Step by step solution

01

Identify the Problem

We have a wire vibrating under tension, and we need to find the frequency and wavelength when it's at its second overtone. We also need to determine the frequency and wavelength of the sound waves it produces.
02

Understand Second Overtone

The second overtone of a vibrating string is its third harmonic. For a string fixed at both ends, the number of antinodes equals the harmonic number. Therefore, in the second overtone (third harmonic), there will be three antinodes.
03

Calculate Wavelength on the Wire

For the third harmonic, the wire length contains 1.5 wavelengths. If the wire is 75.0 cm long, the length of one wavelength is given by: \[\text{Length of one wavelength} = \frac{2}{3} \times 75.0 \, \text{cm} = 50.0 \, \text{cm} = 0.50 \, \text{m}\]
04

Calculate the Wave Speed in the Wire

The wave speed \( v \) in a wire under tension \( T \) is given by \[v = \sqrt{\frac{T}{\mu}} \]where \( \mu = \frac{m}{L} \) is the linear mass density of the wire.

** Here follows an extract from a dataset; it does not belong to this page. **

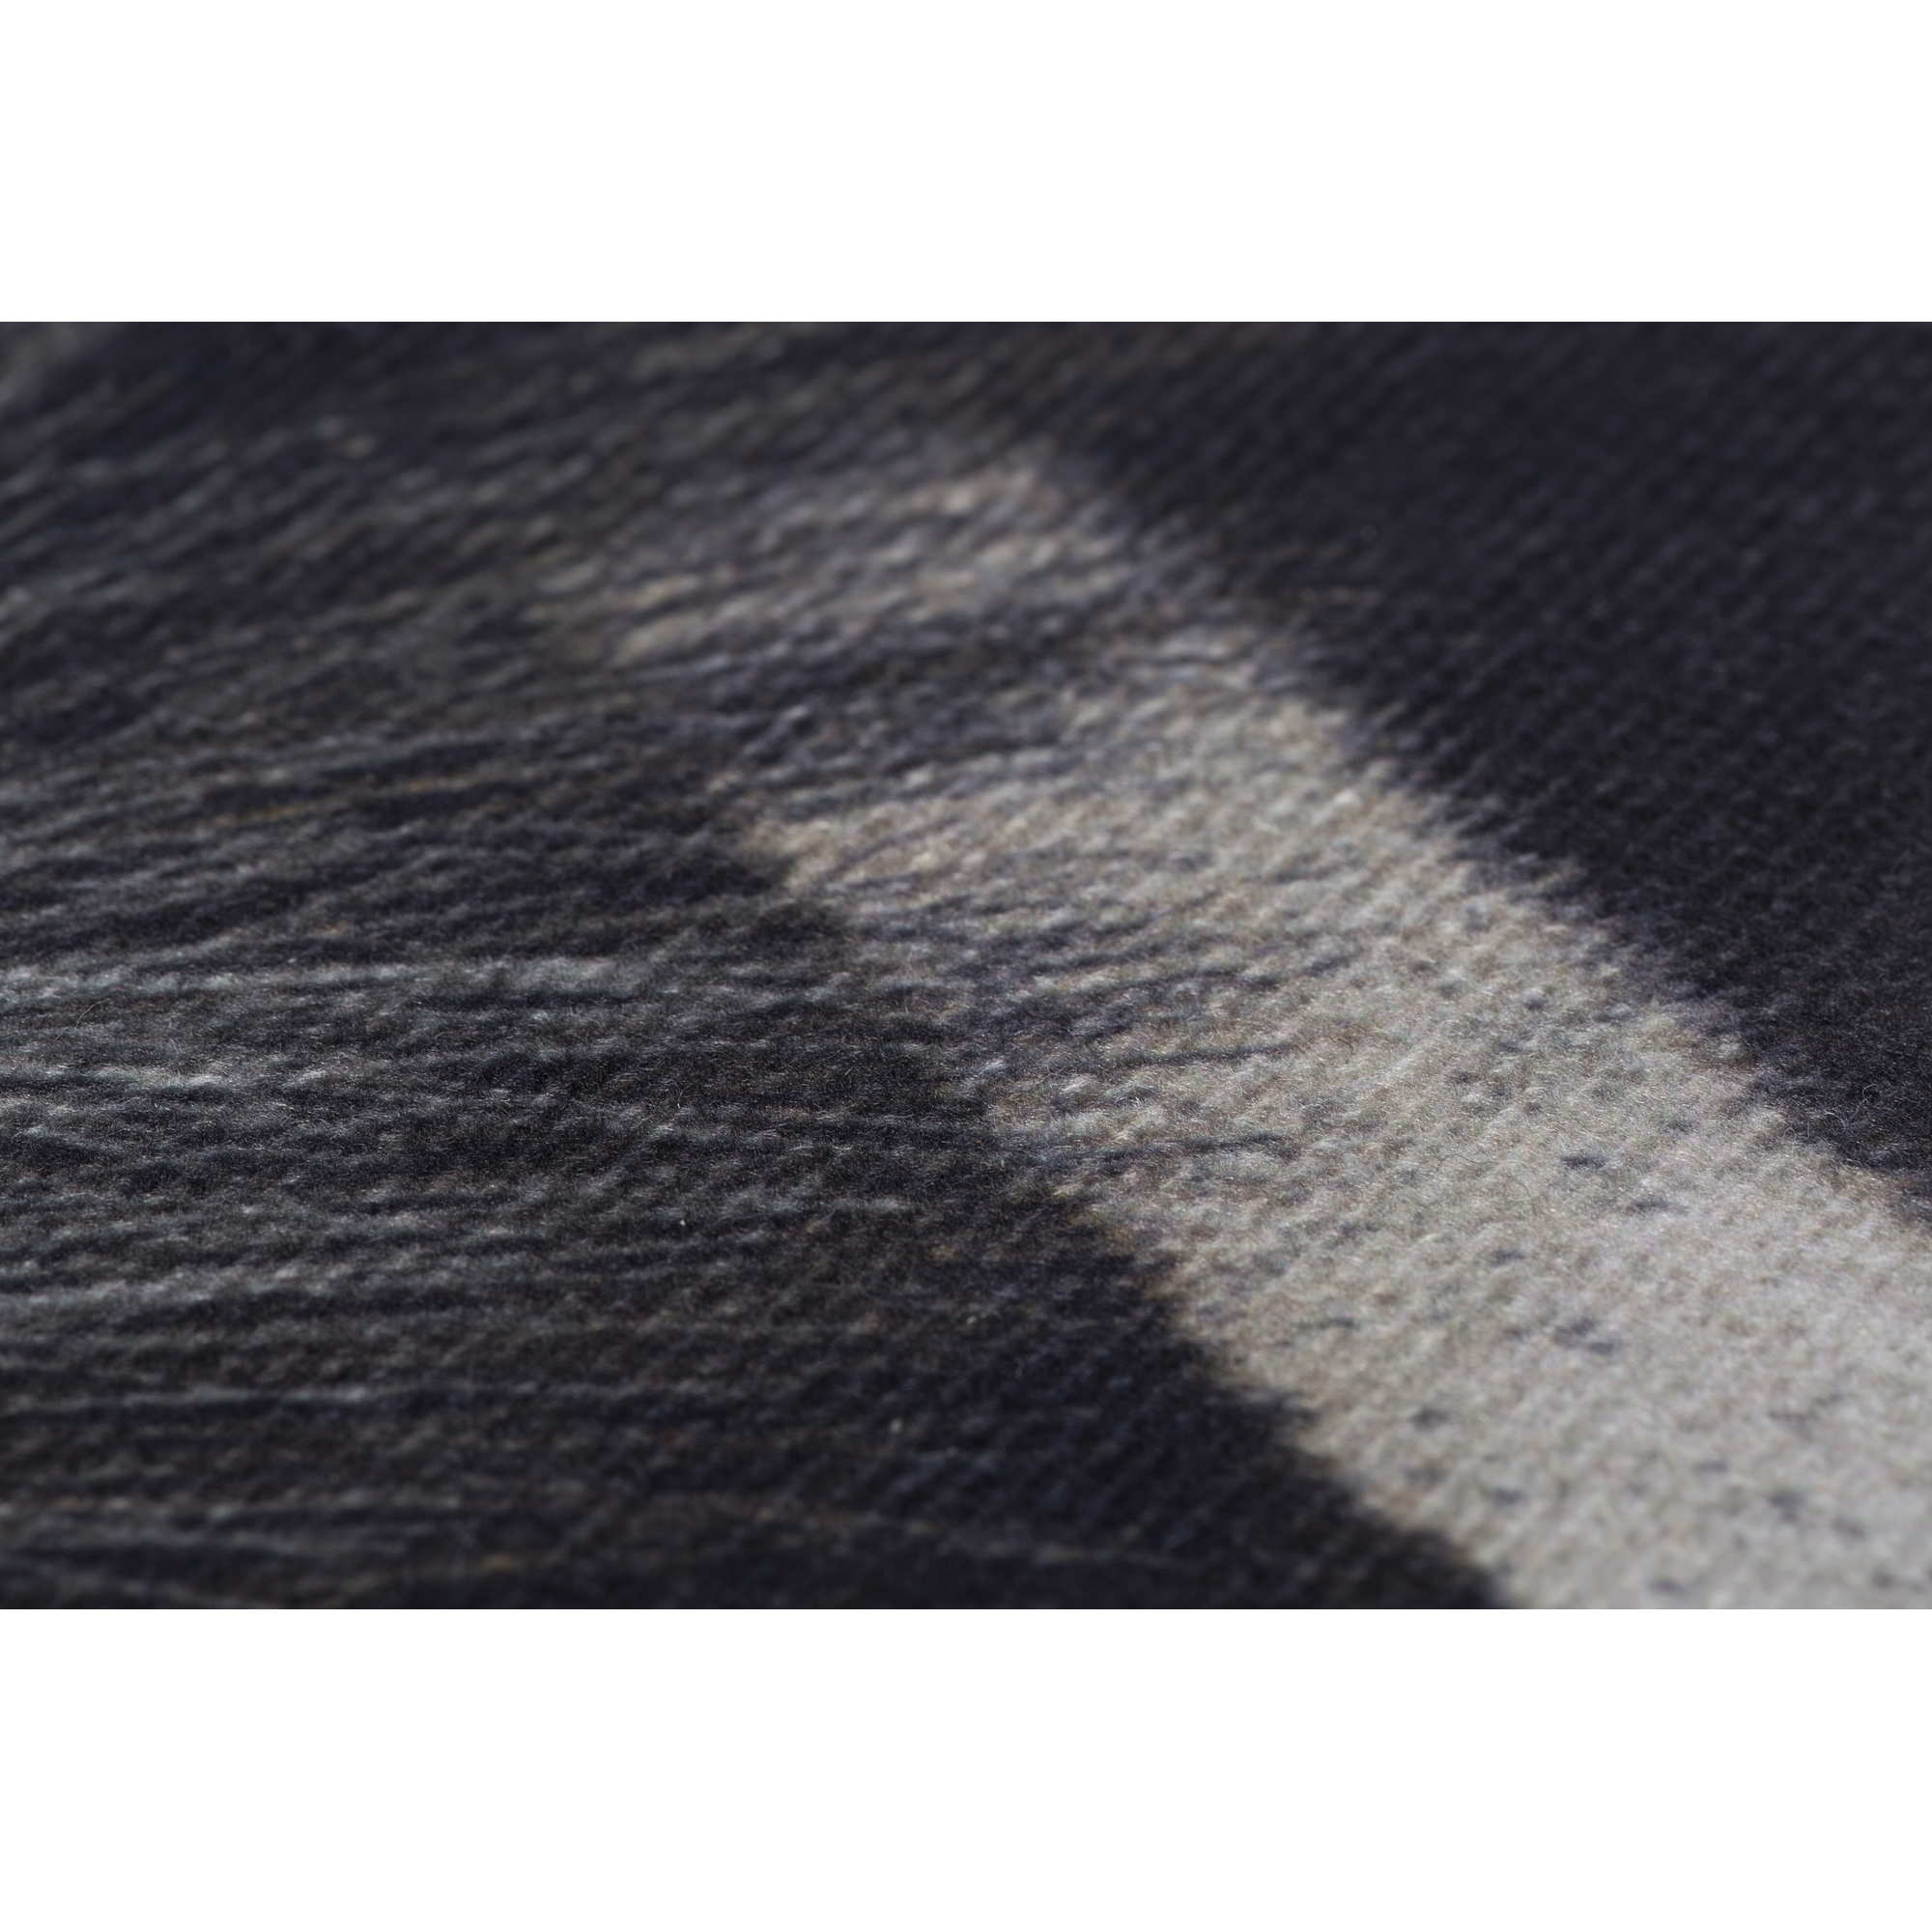 Kunst-Zebrafell 'Amarillo' schwarz/weiß 77 x 95 cm + product picture

Given:- \( m = 5.625 \, \text{g} = 0.005625 \, \text{kg} \)- \( L = 0.75 \, \text{m} \)- \( T = 35.0 \, \text{N} \)The linear mass density \( \mu \) is:\[\mu = \frac{0.005625}{0.75} = 0.0075 \, \text{kg/m}\]Thus, the wave speed is:\[v = \sqrt{\frac{35.0}{0.0075}} = 68.06 \, \text{m/s}\]
05

Calculate Frequency on the Wire

Using the wave speed and wavelength, we calculate the frequency \( f \) using:\[f = \frac{v}{\lambda} = \frac{68.06}{0.50} = 136.12 \, \text{Hz}\]
06

Relate to Sound Waves

The frequency of the sound waves produced is the same as the frequency of the vibrating wire as sound waves are produced by the vibrating wire.
07

Calculate Wavelength of Sound Waves

The speed of sound in air at room temperature is approximately 343 m/s. Using this speed and the previously calculated frequency, the wavelength \( \lambda_{sound} \) in the air is:\[\lambda_{sound} = \frac{343}{136.12} = 2.52 \, \text{m}\]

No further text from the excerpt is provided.